John Rennie Engineer

John Rennie / Engineers

Born the son of a prosperous farmer at Phantassie, East Lothian on 7 June 1761, Rennie would have been immersed in farm machinery and, more critically, milling technology, from an early age. He worked during his youth with a millwright, before studying at Edinburgh University.

Some of us have laboured in factories during summer vacation periods; Rennie undertook contracts as a millwright, the first apparently involving the instalment of a threshing machine on his family's estate. No supper if it didn't work presumably!

He left University in 1783, touring various prominent engineering workshops, before returning to build his first bridge, over the Water of Leith in Edinburgh. Bridges were to be a constant theme in his work over the following decades, and in designing and building them he applied scientific theory rather than just make carbon copies of earlier, traditional designs. One common method, for example, was to build a hump-backed bridge, which was of course self-limiting in the distance it could safely span. It was also inconvenient for heavy traffic. Rennie preferred to build his roads over a flat span.

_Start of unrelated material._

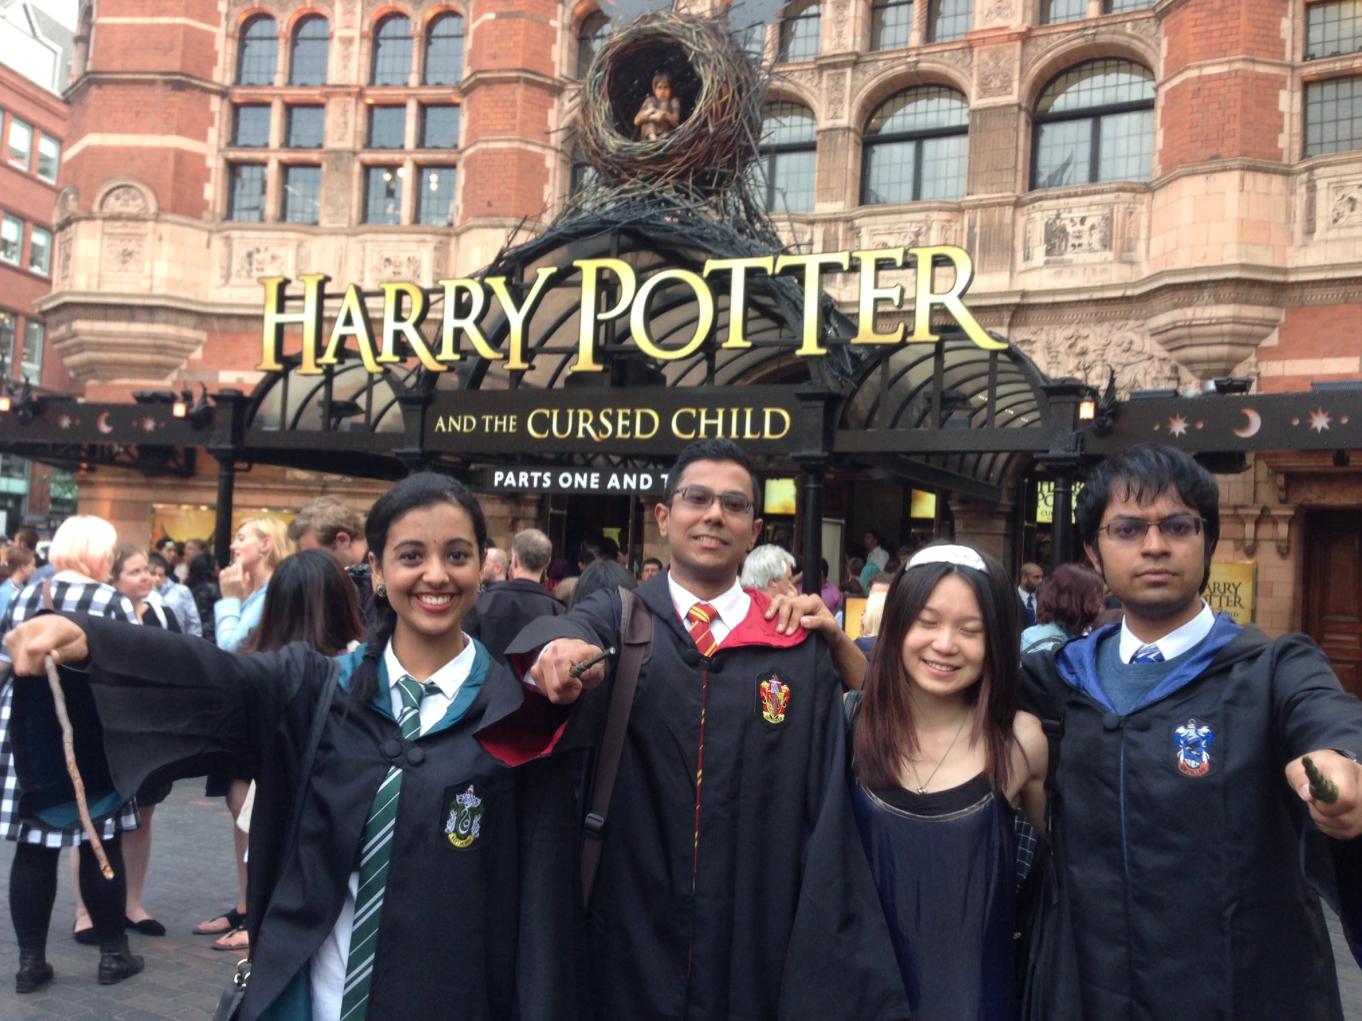 Harry-Potter-Enfant-Maudit-Theatre-6

Major contracts Rennie became renowned for include the Crinan Canal (1793-1801), the Plymouth Breakwater (started 1812), and three London bridges; Waterloo (1811-17), Southwark (1814-19), and New London Bridge (1831). The latter now resides, somewhat bizarrely, in Arizona, USA, having been dismantled and shipped out, stone by stone, some 130 years after it was built.

He supervised work on Stevenson's Bell Rock Lighthouse, worked on canal constructions, fen drainage, dock improvements, and kept an eye on technological advances being made in other areas, such as steel manufacture. His two sons continued the business after his death in London, on 4 October 1821. He is buried in Westminster Abbey.